O termo utilizado neste ponto é algo redundante na forma como foram conjugados os termos Paisagem/Social, uma vez que a imagem da paisagem é construída pelo imaginário coletivo, tendo portanto, uma composição fortemente social. O que se pretende salientar com esta conjunção é a particularidade de certos lugares possuírem um valor atribuído, quase exclusivamente, devido a fatores sociais (frequentemente gerados pela vivência em ambientes urbanos), que ultrapassam a própria forma da paisagem.

A contemplação da paisagem é um ato individual, o observador constitui-se como o centro da paisagem, não como elemento de composição do espaço, mas como elemento que capta o seu ambiente e lhe identifica o significado. Assim o observador está dentro da paisagem, mas, ao mesmo tempo, fora dela.

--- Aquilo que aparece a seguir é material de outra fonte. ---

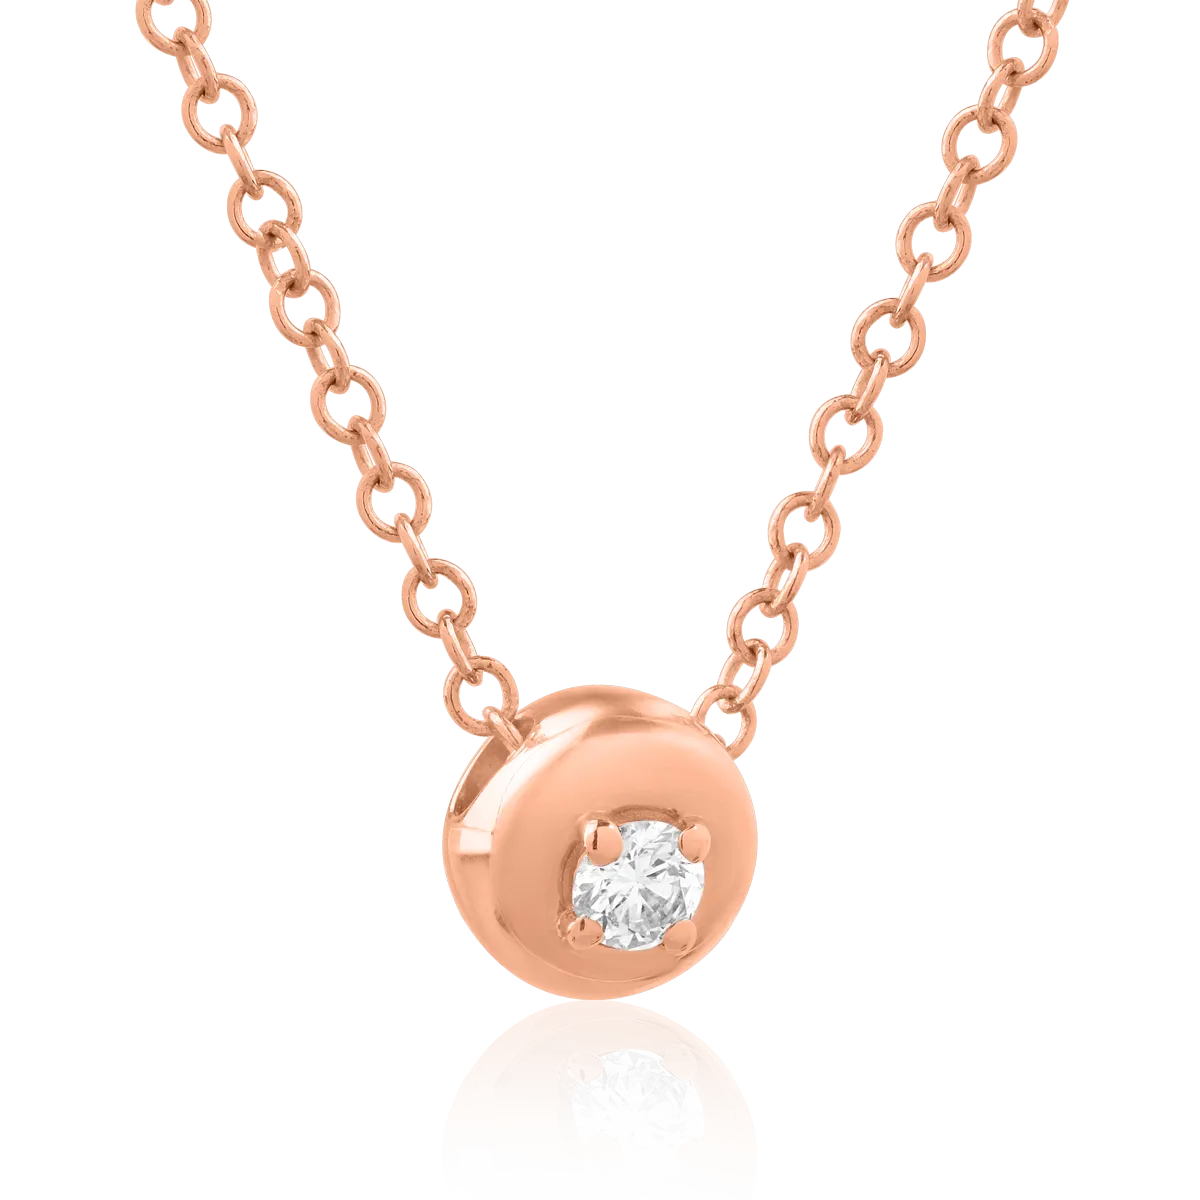 14K rose gold pendant necklace with 0.042ct diamond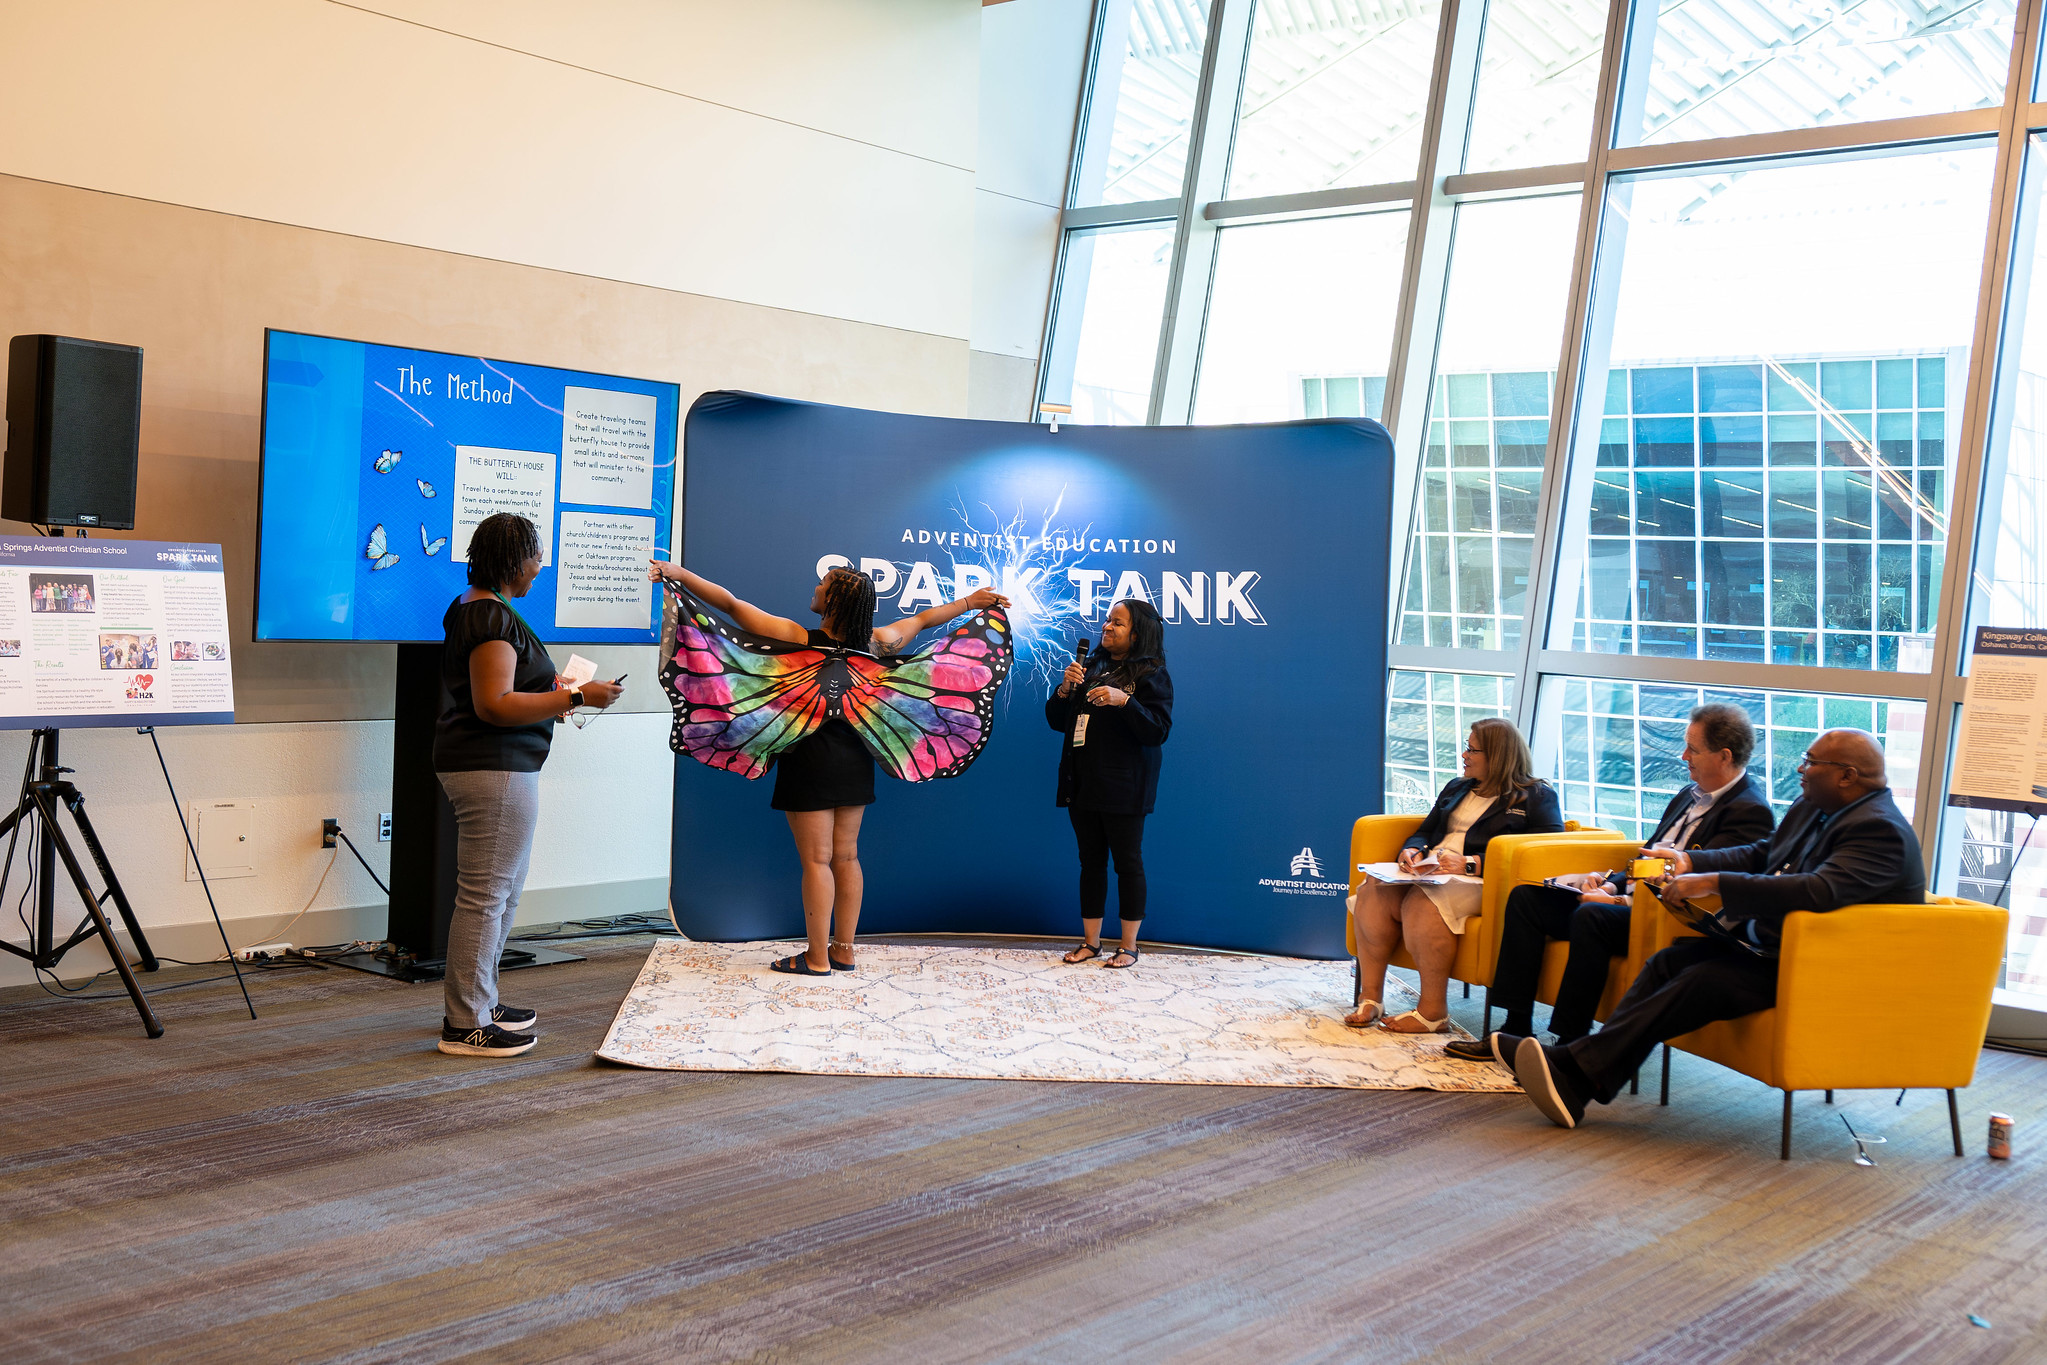 Oakwood Adventist Academy butterfly presentation at educators' convention spark tank event

Quando o fenómeno da contemplação da paisagem se estende a um grupo de pessoas, altera-se a individualidade da reflexão sobre o significado do Sítio, e estas passam a elementos intervenientes que compõem o espaço. A procura de pontos de perceção da paisagem não corresponde já a uma necessidade de vivência do espaço, nem da interpretação do carácter do lugar, mas advém da vontade de captar uma imagem que lhe assegure uma síntese do lugar.

Esta ideia ajuda-nos a entender a natureza de um espaço de significados complexos como é o miradouro. Neste contexto, a eleição do sítio mais alto é alimentada pela ideia que desse ponto se obtém uma perceção síntese da totalidade do lugar e, quanto mais alto se situa, mais completa é a compreensão do espaço.